The most common mistake made by many website designers is to assume that the code is correct when their webpage can be displayed normally under IE. It is even common to see people complaining that their website ranking is not ideal. Just go to their website and simply take a look. It can be found that the HTML code is full of various errors. No matter how much effort is put into optimizing the website based on such code, the results may be in vain!
In fact, IE is a browser that has a very high fault tolerance for HTML code. As a side note, although we can have various reasons to attack Microsoft, Microsoft’s product operation is very strict. The efforts made in terms of accessibility and usability cannot be ignored. ——The fact that a Web page can be displayed normally under IE does not mean that there is no problem with the HTML code of the page. It can even be extended to the fact that the Web page can be displayed normally under a variety of browsers, which does not mean that the HTML code is completely legal and valid. After all, every browser must ensure basic fault-tolerant functions. Otherwise, it will happen that the HTML page will not display properly even just because of something in the network transmission. This still happens frequently today when network bandwidth is still tight.

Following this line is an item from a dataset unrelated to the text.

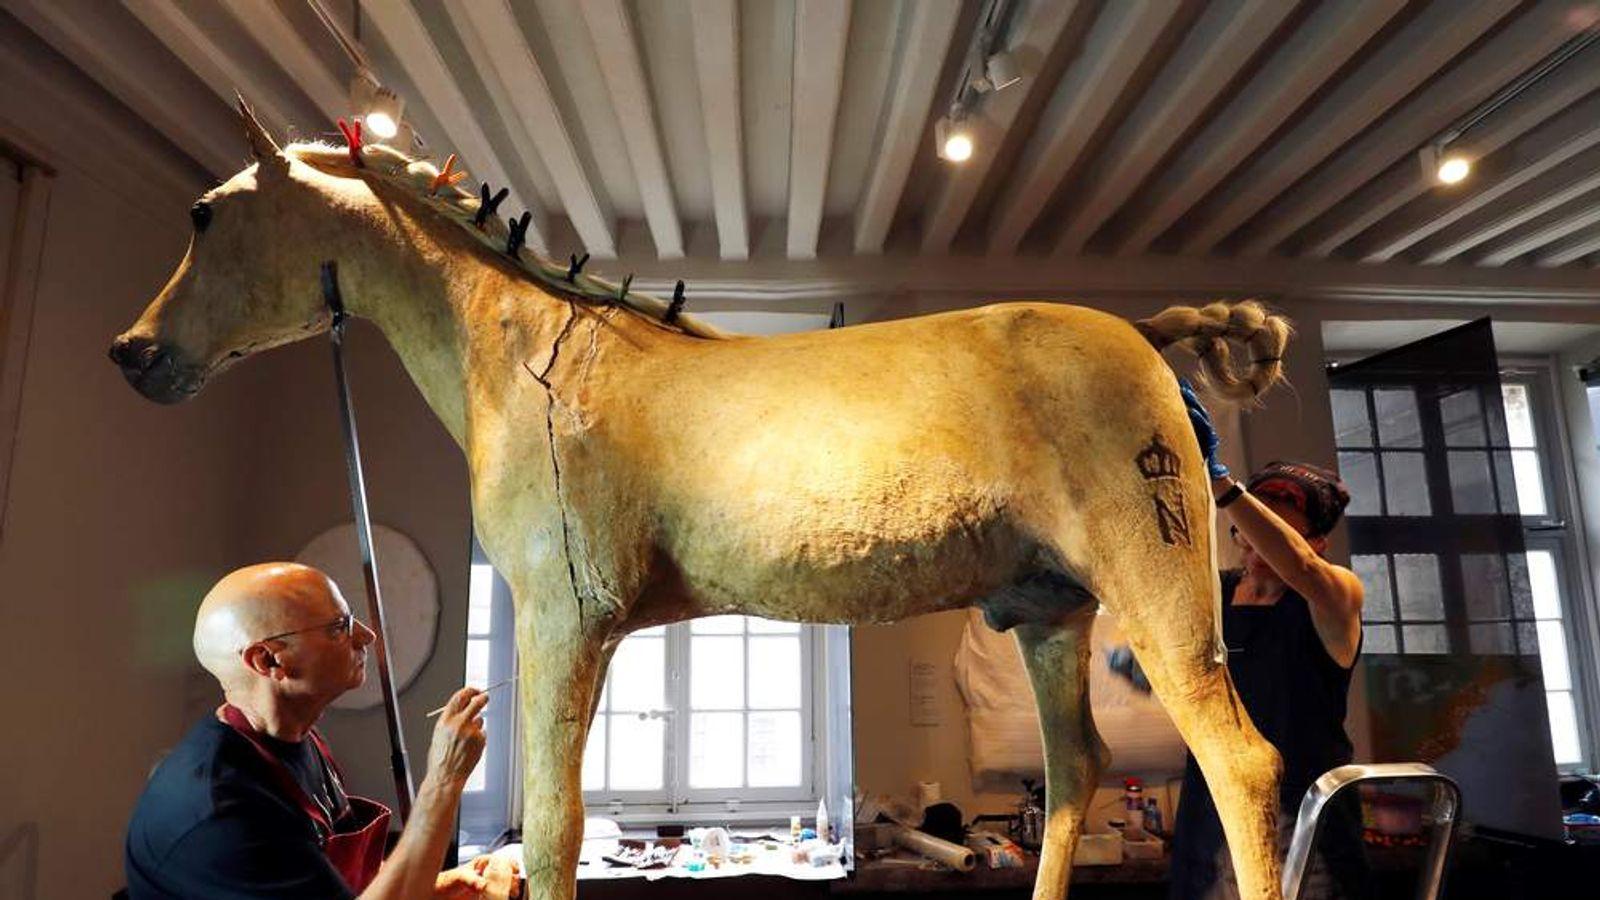 Napoleon S Stuffed Horse Gets Paris Makeover World News

What is legal and valid HTML code
Simply put, our Web page is composed of HTML (Hypertext Markup Language: Hypertext Markup Language) elements. Even for dynamic pages such as ASP and PHP, the ASP or PHP statements are rendered by the SERVER. into corresponding HTML elements and downloaded to the client; for JavaScript and the like, the client converts it into HTML.
Like other languages, HTML also has its own syntax rules. Both browsers and search engine spiders analyze the content in the web page code based on these rules. But many times, even for skilled people, it is still inevitable to make some HTML code errors when building HTML pages, not to mention the redundant and bloated HTML problem caused by most WYSIWYG editors.

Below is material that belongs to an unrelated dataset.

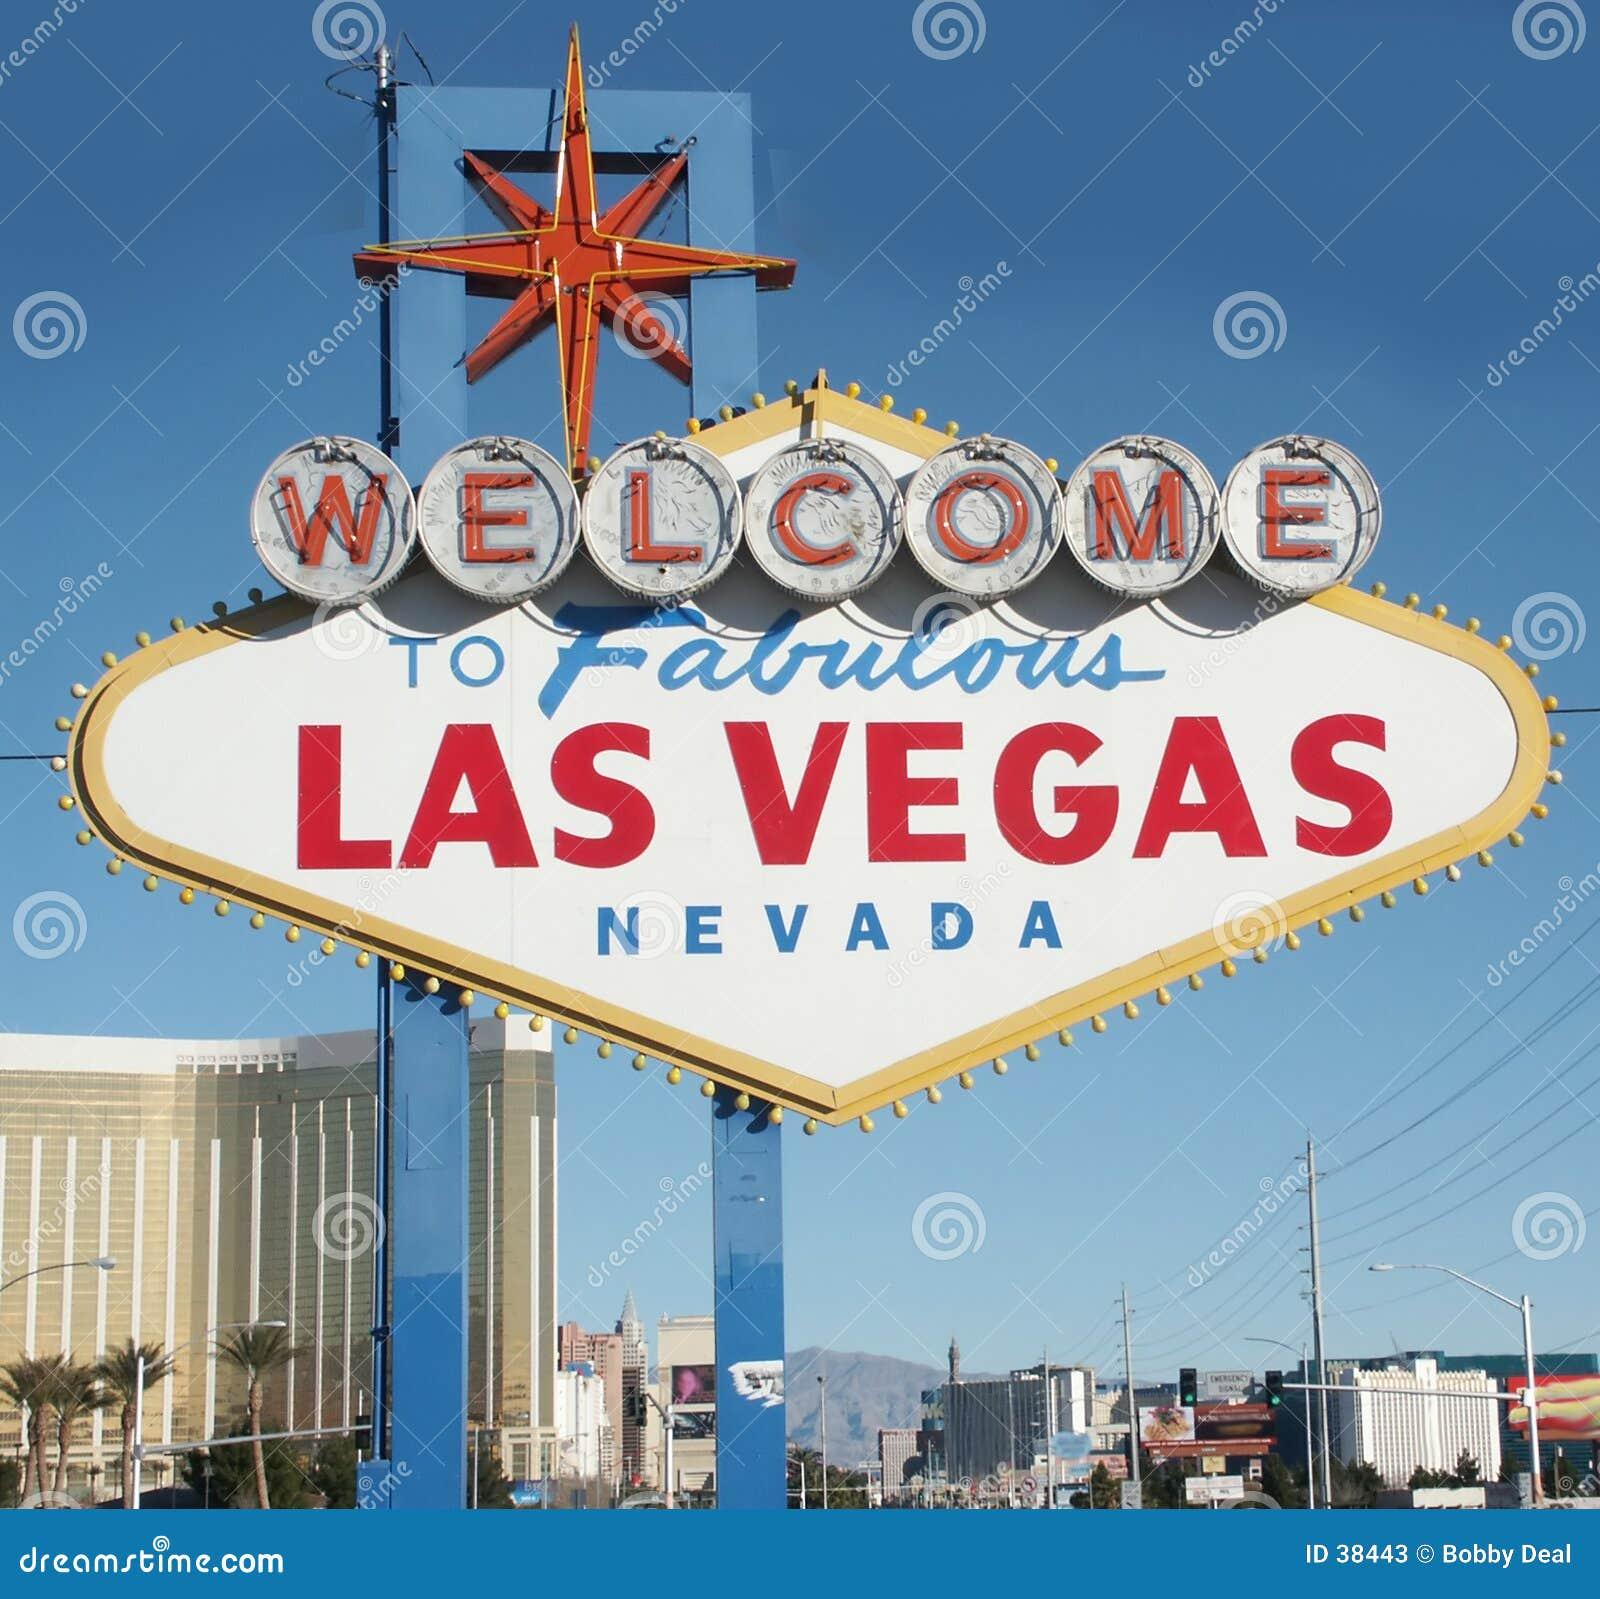 Vegas, lasy

If there is no component in the page that violates the HTML standard syntax specifications, it can be called a legal and valid HTML code.
The importance of legal and valid HTML code to SEO
In order for search engines to include our web pages - only on this basis can we talk about website optimization and website promotion - the premise is that the spider of the search engine can read our web files. The basis for search engine spiders to read web pages is the HTML specification. By analyzing the HTML code, spider can determine the content of the web page, and on this basis, it can determine the relevance of the corresponding keywords.
What needs to be made clear is that the search engine Spider is different from the browser in that its fault tolerance is much worse than that of the browser. If there is HTML code that it cannot interpret in the page code, it may stop reading the page. The page may even stop crawling within our site, or more serious errors may cause it to also discard information it has collected about the content of other pages within the site.
Although major search engines are now trying their best to improve Spider’s fault tolerance, so that it can not affect the collection of content when general errors occur in the HTML code. But many times, it still happens that a closing tag is missing, causing the content of the entire page to be ignored.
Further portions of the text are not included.